No, that would not do, but the moment I opened my mouth to protest, Julian was down on the floor with me, his hand clamped over my mouth so I couldn’t speak.

“Now, I know that you aren’t about to contradict me, Mrs. Markham.” He leaned forward to speak in my ear. “George is my son, my heir. Do you really think that I would entrust him to someone who wasn’t completely vouched for and completely capable? Do you really think that my love for him is so much less than yours?”

I suddenly felt ashamed. Julian was right. He wouldn’t hire a nurse that couldn’t care for George as well as we could. And George was old enough that he could easily go without nursing for an hour.

He released his hand from my mouth. “For this one hour, wildcat, you will be completely mine. To do with what I want. Your mind and your heart and your body. They will be with me and nowhere else. Is that clear?”

I nodded, and another
crack
sounded through the air. I moaned.

“I want to hear your voice. Now answer me—are my directions clear?”

“Yes,” I whispered.

“Good. Now stand up. It’s time to get dressed.”

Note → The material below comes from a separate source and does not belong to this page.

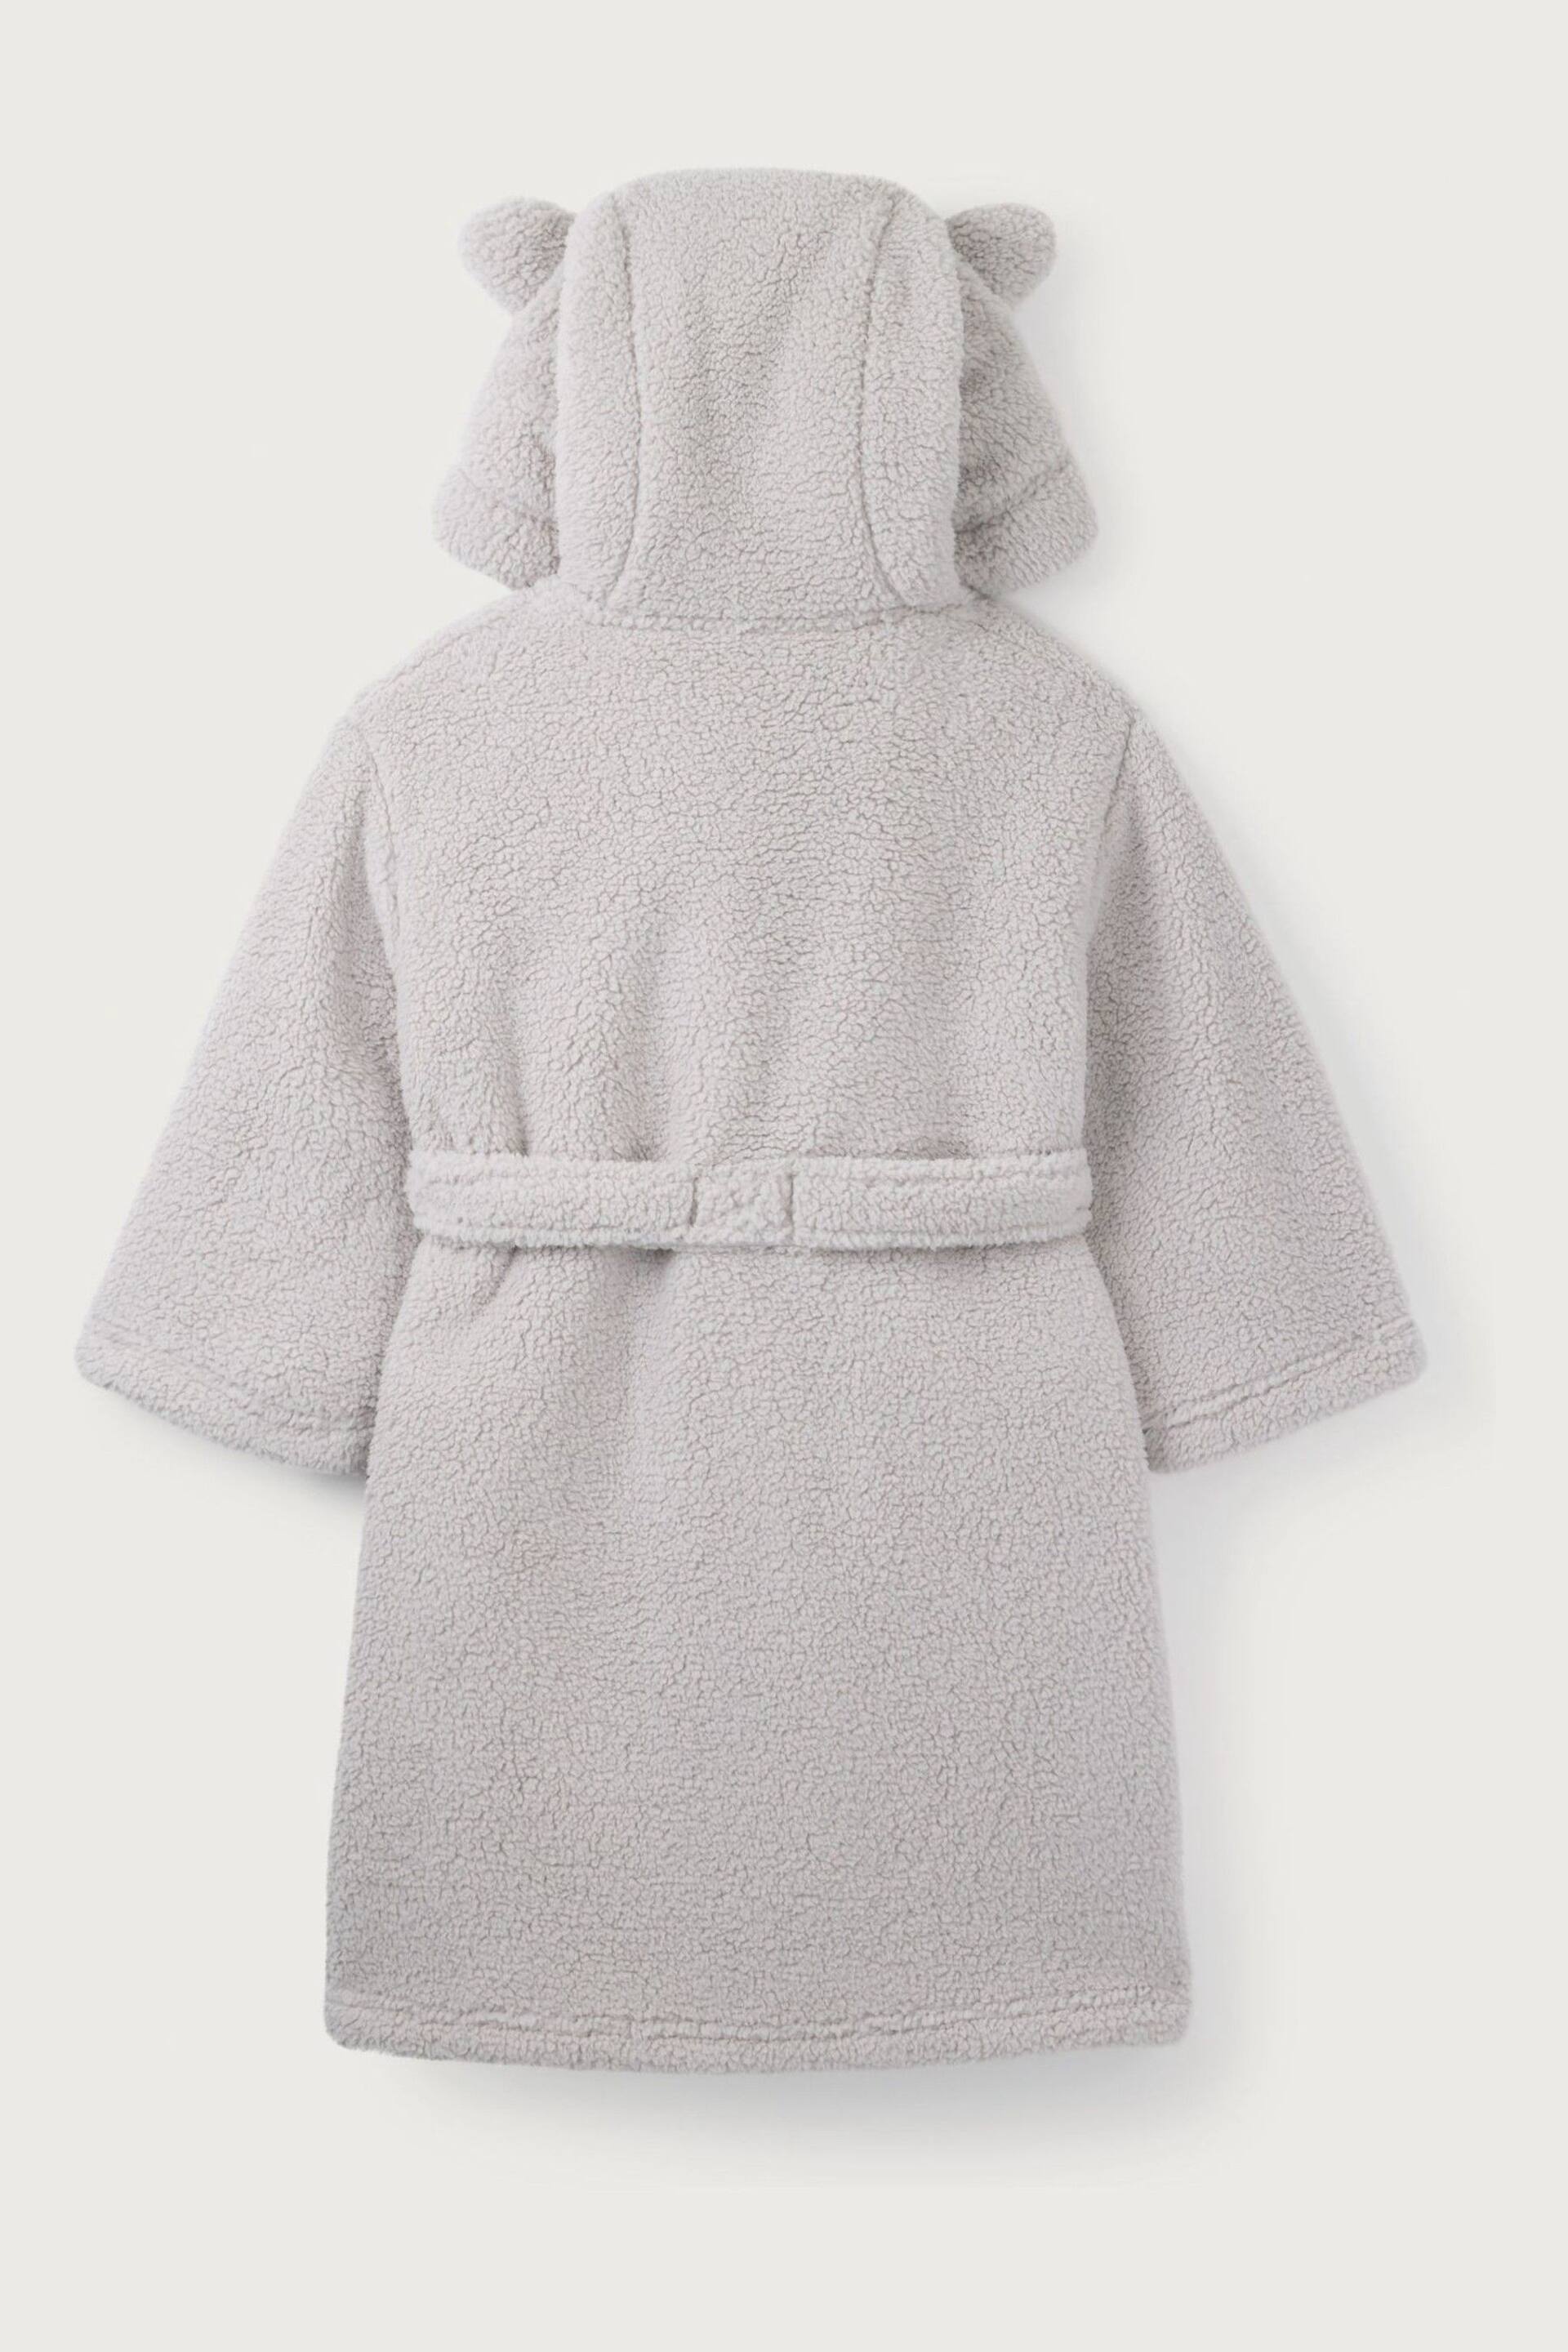 The White Company Grey Teddy Snuggle Robe - Image 2 of 2

“Dressed?” I whimpered, knowing what that meant. That meant no relief for the swollen ache between my legs.

“I won’t ask again.”

I stood unhappily, as he went and gathered my clothes. He dressed me then, and with a casualness that was almost cruel, he let his hands graze against my sensitive skin as he worked. His fingers brushed past my stiff nipples, lingered around my thighs, and after he laced my nursing corset tight, he grabbed me by the waist and pulled me into him, so that my back was pressed to his front, his erection grinding against my ass.

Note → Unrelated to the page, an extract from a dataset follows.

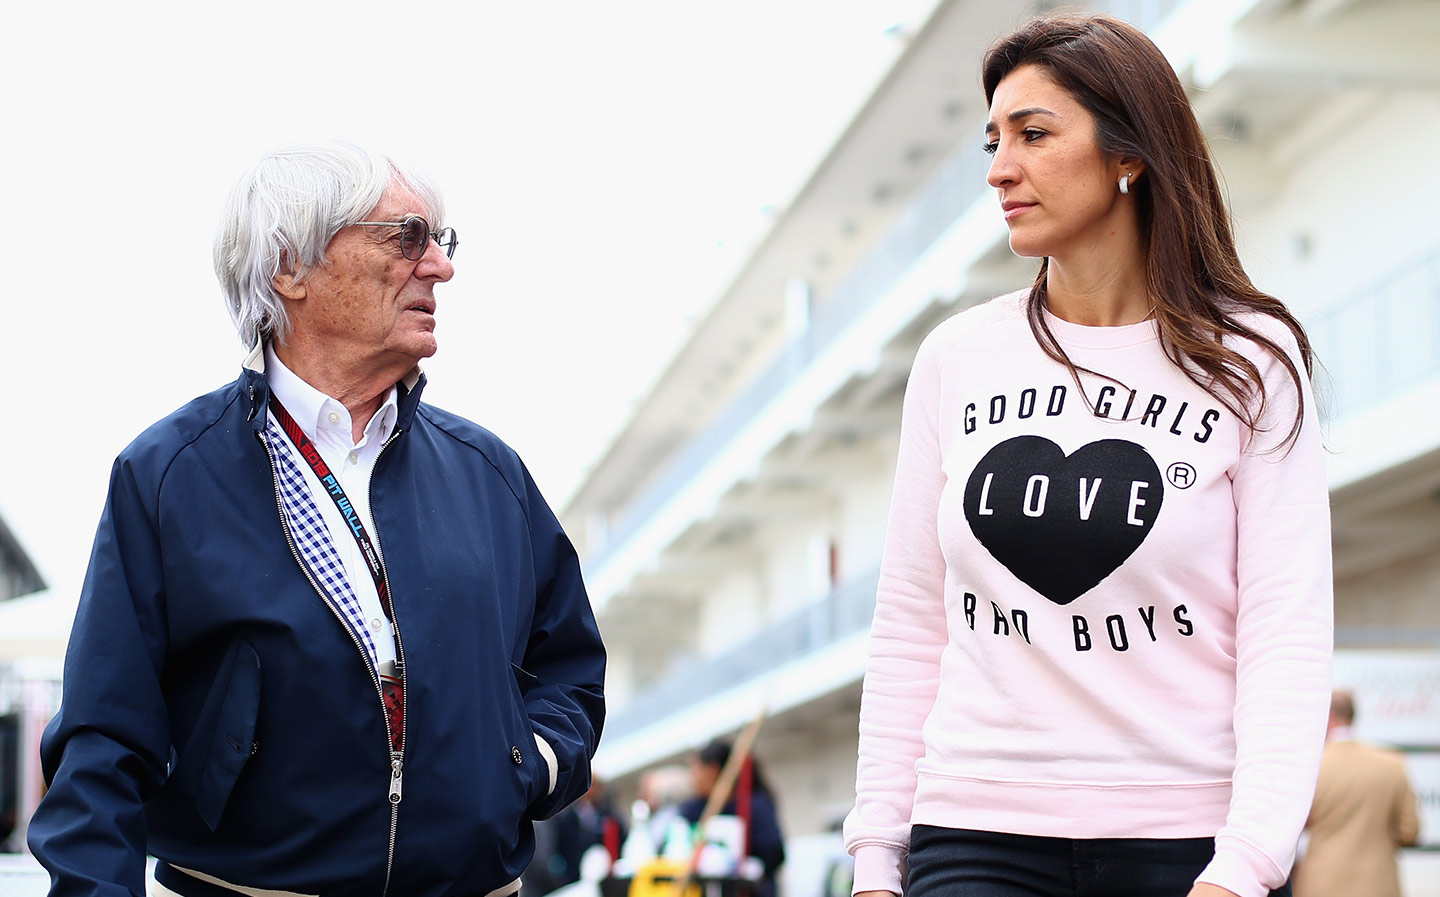 Bernie Ecclestone to become a father again to first son at the age of 89

He wrapped his fingers in my hair and yanked my head to one side, and then he bent forward and scored the skin there with his teeth, biting and sucking and nibbling from my ear to my collarbone until I was slumped against him, knees weak and panting hard.

And just as quickly as it started, it stopped, his wicked mouth moving away from my neck. I whimpered again, but he paid me no mind, tugging a dress over my body and deftly wrapping my hair into an elaborate bun, which he quickly pinned up.

“I have some business to attend to in Scarborough today, so I won’t be back until dinner,” he told me, stepping away and eyeing my form, as if to admire his handiwork. “Bessie Knope, the nurse, will be here shortly before dinner, and I’ve already directed our housekeeper to acquaint her with the house and George’s nursery when she arrives. All I require is that you be in the dining room at seven. Understood?”

“Yes.”

He gave a short nod and grabbed his jacket from where it had been slung over the chair. He walked out of the room, pausing only to drop a tender, affectionate kiss on the sleeping George’s forehead, and then I was alone.

Bessie Knope ended up being precisely the person I would have myself hired to take care of George. She was a plump, patient woman in her fifties, and when she took a squirming George into her arms and started crooning to him in a soft, playful voice, the pair bonded so quickly that I almost felt jealous. But any jealousy I might have felt was immediately quashed by the insatiable, unbearable lust that had dogged me all day. More than anything, I wanted Julian to come home, drag me into the library, and fuck me until I was too sore to walk.

That’s not what happened.

At seven, right after nursing George and handing him off to Bessie, I sat in the dining room, my heart pumping fast. I wanted Julian—I wanted Julian’s body—but I was also nervous. Wary. A little frightened of him even. And that made me want him all the more.

But when he came in to the dining room, he came in with a packed basket of food and handed it to me, along with a pocket watch. I looked up at him, confused.

“Your hour…or rather,
my
hour…tonight will be spent alone by the stream in the woods.”

I blinked, still not understanding, and he smiled.

“You have spent every waking and sleeping moment with George since the day he was born. But I remember a woman who longed for freedom, for the outdoors, for time to ramble and explore on her own. So tonight, you are your own dinner partner and your dining room is the forest you love so much. I’ll see you in an hour.”